Computing

2023-01-01 Notes from research today re: thinking about folder organisation. Thanks r/datahoarder and r/datacurator.

Separate Datahoard from Ephemeral (computer-specific) folders.

Possibly that means Infohoard has EVERYTHING in it.
We will need another folder for Computer documentation - That would likely go to Documents or Literature... unless we put it all here lol
We'll also want to.. I think probably download a couple entire websites as an archive, 'cause we certainly have an awful lot of bookmarks from some stires in particular that we'd want to save before we lose them. As well as hopefully save a bunch of webpages in case those go down, 'cause fuck knows that keeps happening to my bookmarks. We do sometimes archive.org them but still... what if that goes down too, yunno? Or if we just don't have internet for a bit. It's a lot of work though, we're already just starting to try and fucking orgnaise the bookmarks better.

Root: some folders all well-thourght-out top-level categories, bare-minimum files eg. a plain text or markdown readme doc that describes structure.

/Audio
/Archive (website clones, phone backups?

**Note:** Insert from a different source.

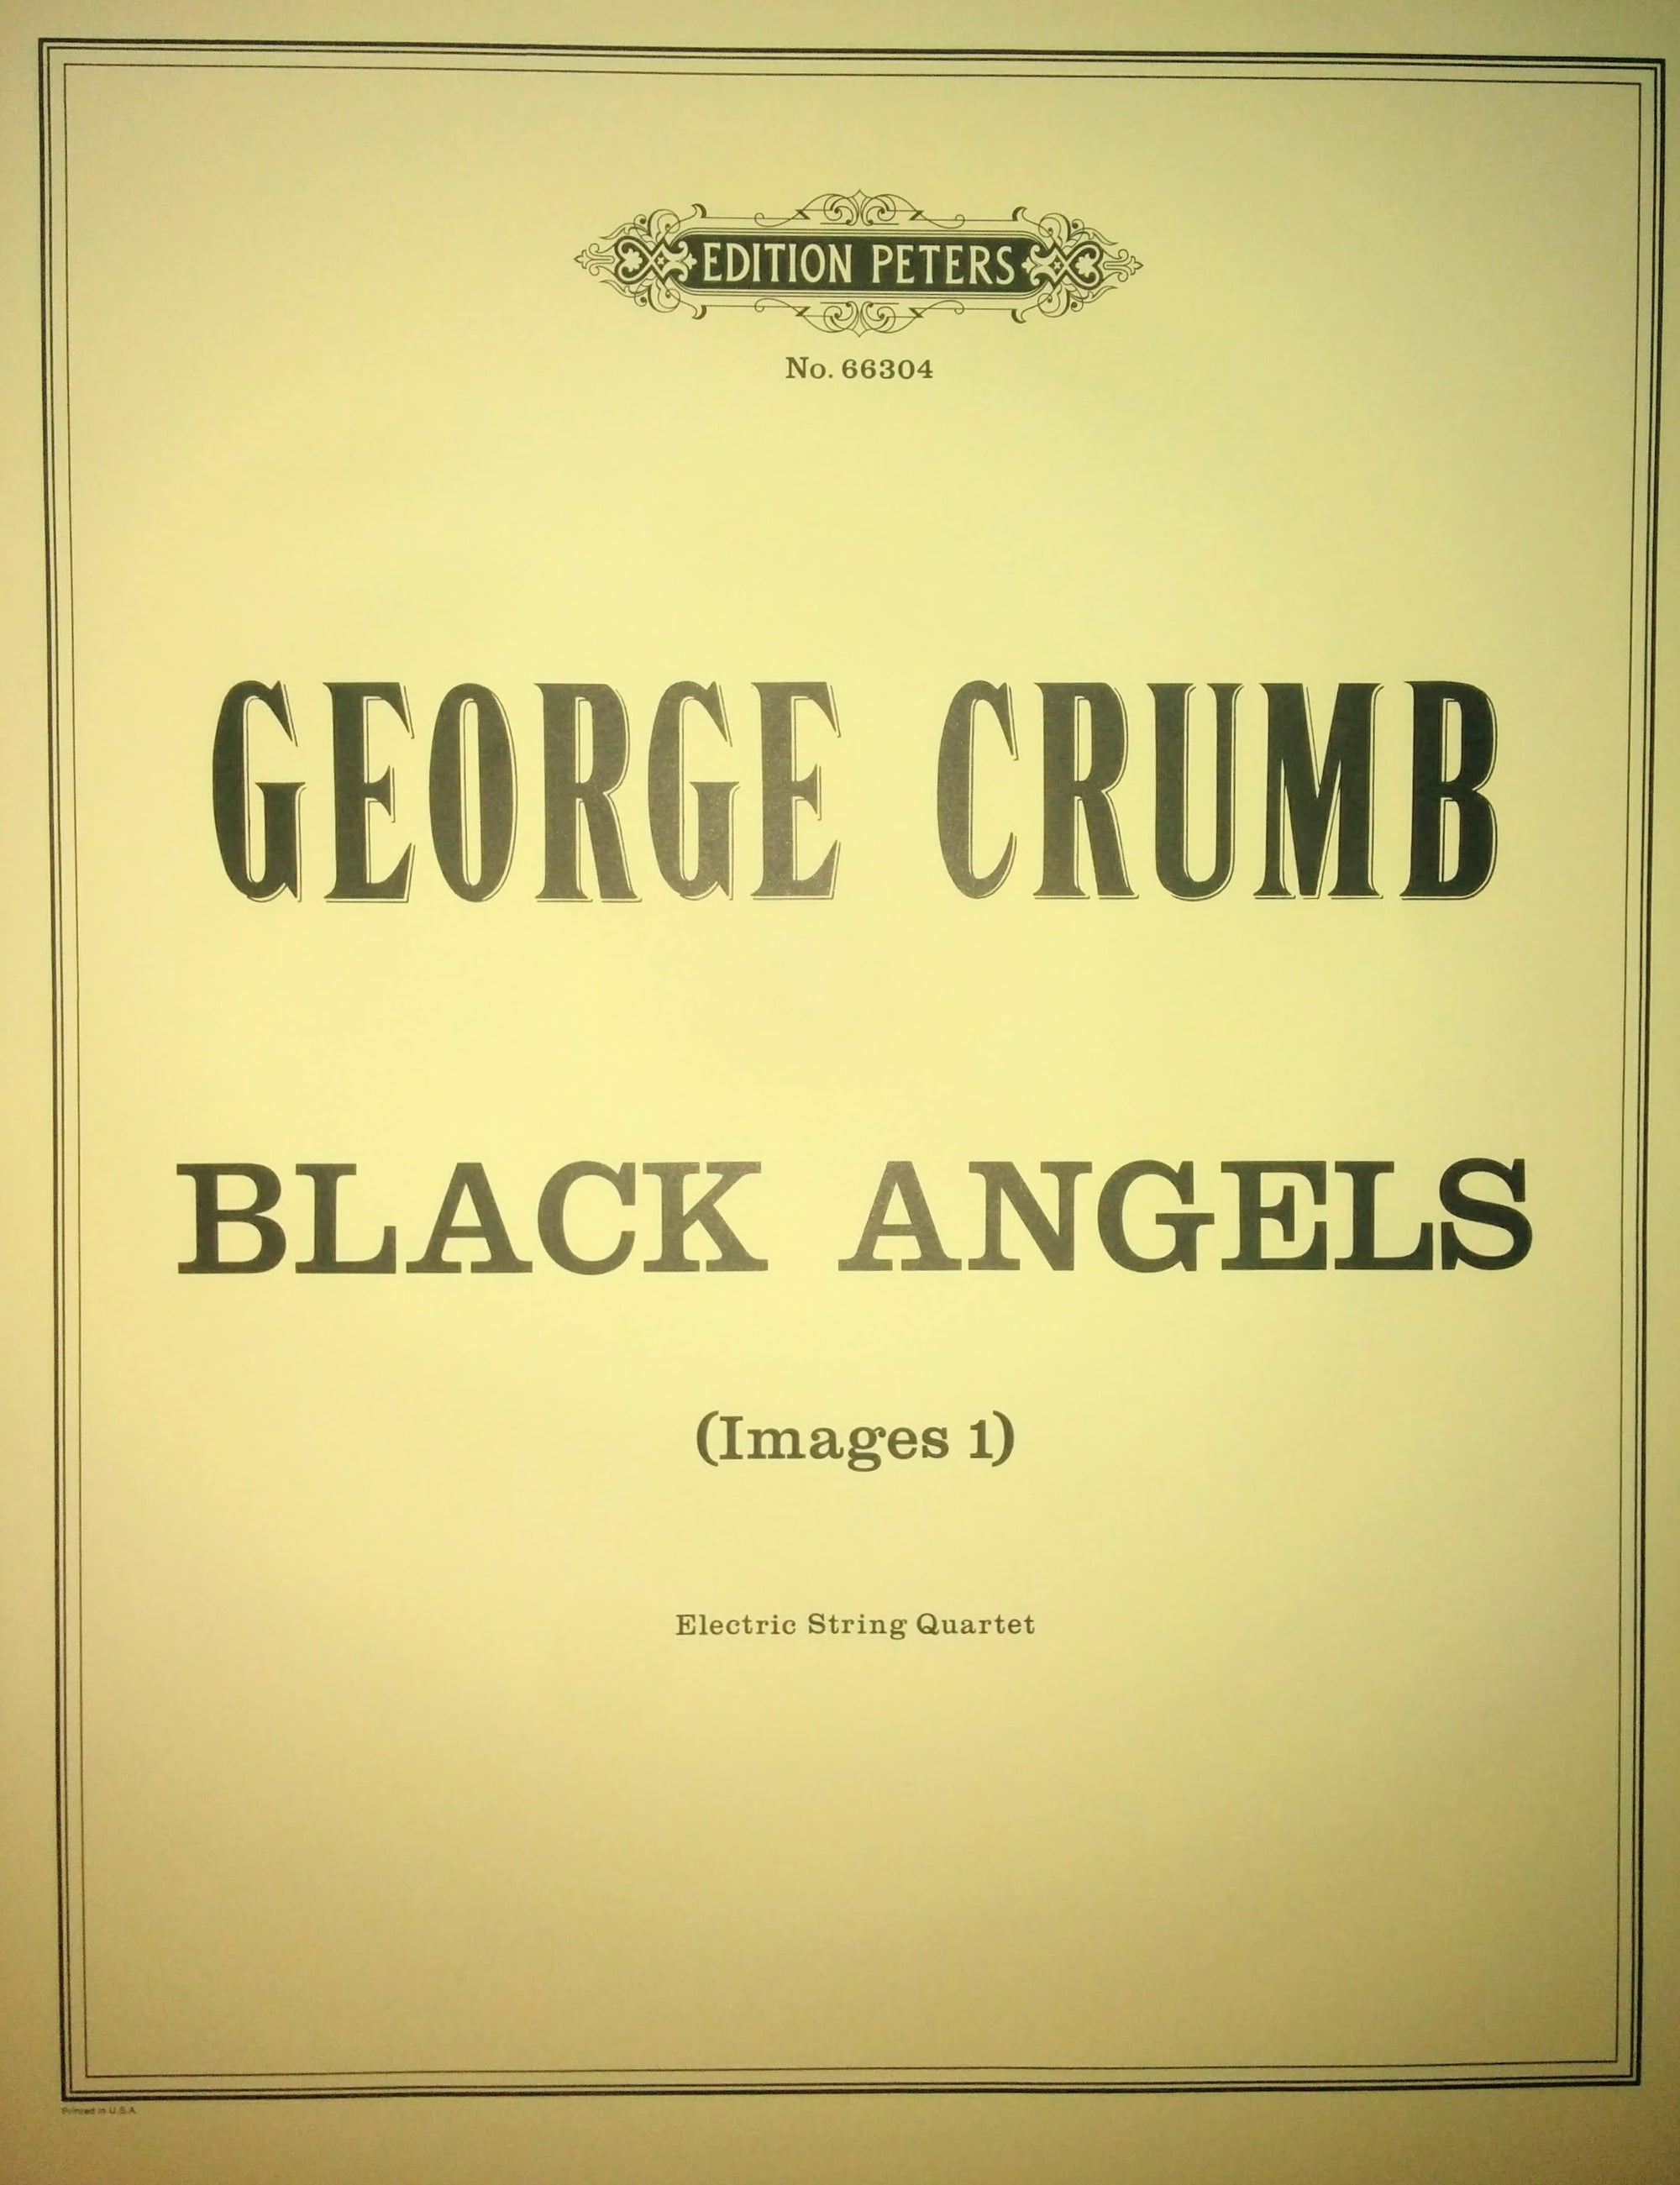 Crumb: Black Angels (Images I)

Or just stick Websites in a folder, and back up phone stuff to accurate places.)
./Podcast
./Audiobook
./Music
/Documents
/Downloads (aka to-sort)
/Images
[undecided]
./Photos
../[undecided: phone vs DSLR?]
./My Art
../by year?
./Screenshots /Literature
./Nonfiction
./Books
./Journal Articles
../Topic
./Fiction
../Author
.../Series
/Software
./Games
../symlinks to games stored elsewhere 'cause of steam & whatever?
./Applications
./Virtual Machines
/Video
./TV
../Series
.../Season
./Movies
...Series
./Music videos
./Educational
./Fluff (humurous YT vids, cats, etc)

Literature formatted roughly like a library; Documents formatted very differently for personal use. Documents = scanned documents, tax returns, etc.

"When I used to start out collecting something to hoard ... I would carefully organize it with many sublevels/etc. At one point I was even custom-tagging all my music with "moods". Then, a few years later, I realize.... I've rarely if ever actually gone through and gotten utility out of the careful sorting I did of all that data. Far more often than not, I would find that something else would spur me to look for something I'd "sorted" earlier, and I'd just end up searching-to-locate it. So, I'd be looking at lists on IMDB, and then I would do a global search (locate32) for ".mkv pub domain legit" and I'd instantly find my "Public Domain Totally Legit To Hoard 2 - The Sequel!.mkv" that way...not getting anything out of all the careful curating I'd done.

"Eventually I realized I use locate32 to pull up basically everything. I have it hotkeyed globally to a key on my keyboard, so I can pull it up with no effort whatsoever no matter what I'm doing, and navigate to a file within a few seconds, regardless of where it is.

"This does require that you had search terms in your filename (and/OR folder names leading up to the file). As time has gone by, I've started just saving things in flat folder structures with search terms I know I will find later... at work I have a ton of files named things like "script powershell to do smtp email send test.txt.ps1" for instance. It's ugly, but I know how I search-to-locate, and I know I'll be able to pull that up in 2.5 seconds with zero effort even 1 year later. I have that file, and tens of thousands like it, just sitting in huge flat folders. It's amazingly effective...I can pull up almost anything I've ever saved, even from years ago, within a few seconds, almost without fail. Sometimes when I need to recall something done for a client 2 years ago, and I type a few characters and insta-find something, I feel superhuman lol."